Uncrewed Missions to Mars Require New Landing Strategy Says Study
It is the goal of many people around the world to see humans on the surface of Mars. To achieve that goal scientists from around the world are working hard, developing technology and thinking through potential problems.
Sending humans to Mars won't be easy and as Elon Musk has stated it is also highly dangerous. But before we deal with issues like finding food and water, comes the task of even landing a spacecraft on the red planet's surface.
This was the problem tackled in a recent study by researchers from the Department of Aerospace Engineering at the University of Illinois at Urbana-Champaign.
Finding a balance between mass and power
To date, the heaviest vehicle to make contact with Mars is the Curiosity Rover which weighs 1 metric ton; future mission are likely to be more in the 5- to 20-ton range. Knowing how to land more mass on Mars safely is critical to any future Mars mission.

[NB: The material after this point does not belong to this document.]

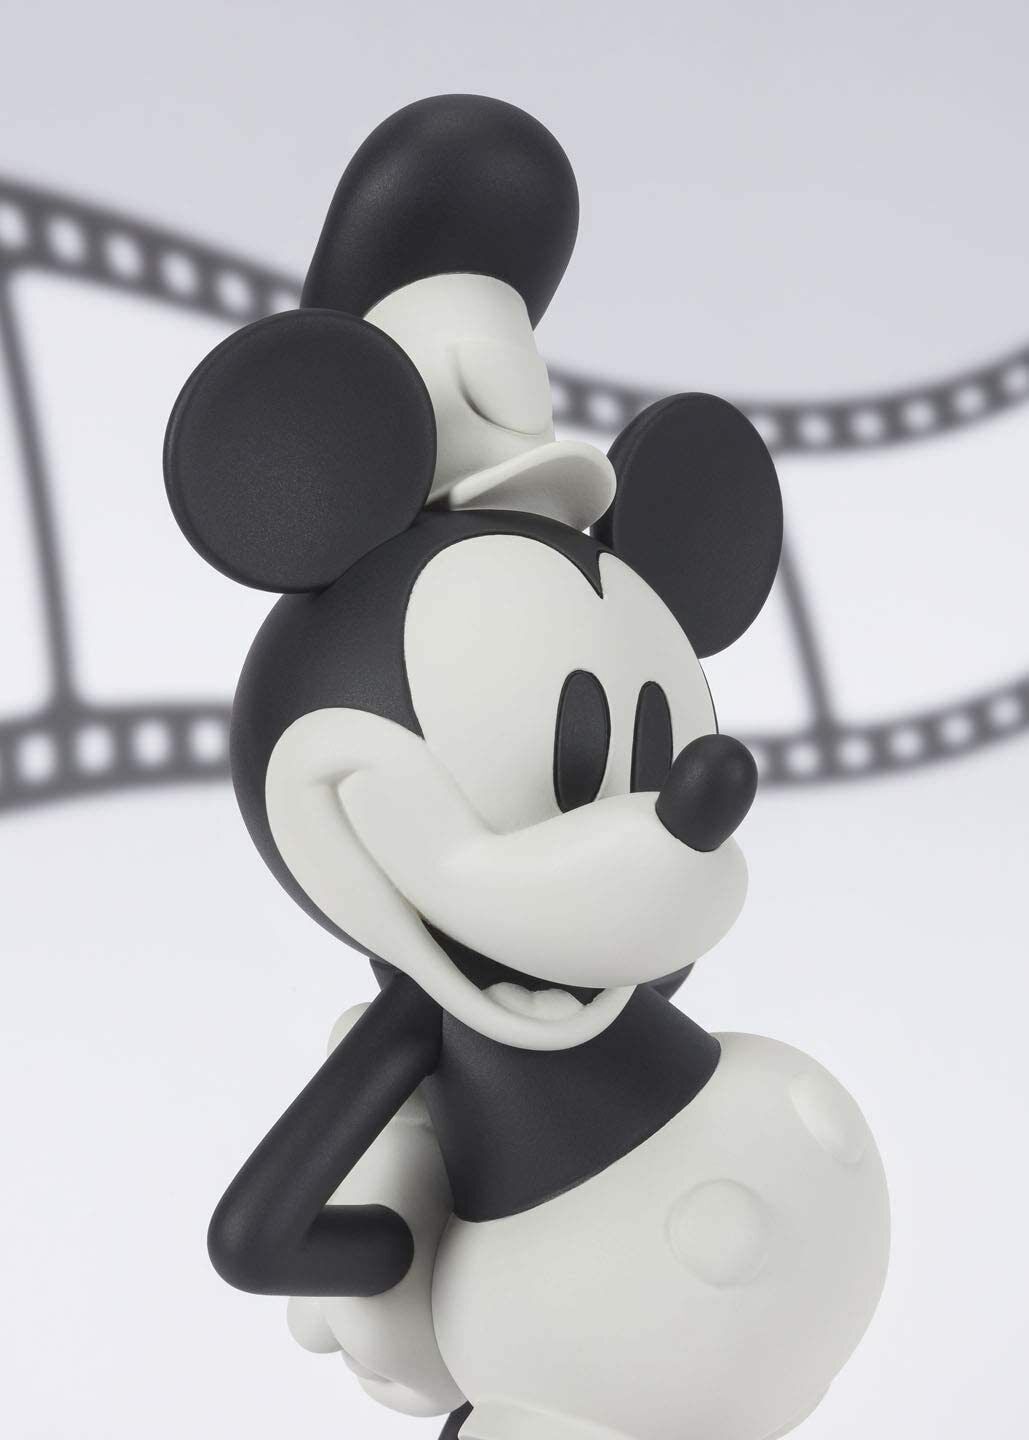 Figuarts Zero Mickey Mouse Steamboat Willie 90 Aniversario Edición Limitada Disney

In the past, when a space vehicle enters the Mars atmosphere, it is slowed down from its supersonic speed by deploying a parachute, this is then augmented by rocket engines or airbags that help it maneuver at the right speed and angle for a smooth landing.
"Unfortunately, parachute systems do not scale well with increasing vehicle mass. The new idea is to eliminate the parachute and use larger rocket engines for descent," said Zach Putnam, assistant professor in the Department of Aerospace Engineering at the University of Illinois at Urbana-Champaign.
Existing techniques don't scale up
The current method involves a lot of propellant use which adds to vehicle mass. Increased vehicle mass results in a more expensive vehicle as well as the risk it will exceed current launch capabilities. More propellant would also detract from the payload opportunity for humans or scientific equipment.
"When a vehicle is flying hypersonically, before the rocket engines are fired, some lift is generated, and we can use that lift for steering," Putnam said.
"If we move the center of gravity so that it's not uniformly packaged, but heavier on one side, it will fly at a different angle."
The new research looks at ways to take advantage of the pressure imbalance between the top and bottom of a vehicle and use the vehicle lift to help steer the vehicle. "We have a certain amount of control authority during entry, descent, and landing--that is, the ability to steer," Putnam said.
"Hypersonically, the vehicle can use lift to steer. Once the descent engines are ignited, the engines have a certain amount of propellant. You can fire engines in such a way that you land very accurately, you can forget about accuracy and use it all to land the largest spacecraft possible, or you can find a balance in between.”
"The question is, if we know we're going to light the descent engines at, say, Mach 3, how should we steer the vehicle aerodynamically in the hypersonic regime so that we use the minimum amount of propellant and maximize the mass of the payload that we can land?"
"To maximize the amount of mass we can landing on the surface, the altitude at which you ignite your descent engines is important, but also the angle your velocity vector makes with the horizon--how steep you're coming in," Putnam explained.
The study has shown how to make the best use of the lift vector with optimal control techniques. The study explores how these ideas can be used across a range of interplanetary delivery conditions and vehicle properties.
"Turns out, it is propellant-optimal to enter the atmosphere with the lift vector pointed down, so the vehicle is diving. Then at just the right moment based on time or velocity, switch to lift up, so the vehicle pulls out and flies along at low altitude," Putnam said.
"This enables the vehicle to spend more time flying low where the atmospheric density is higher. This increases the drag, reducing the amount of energy that must be removed by the descent engines."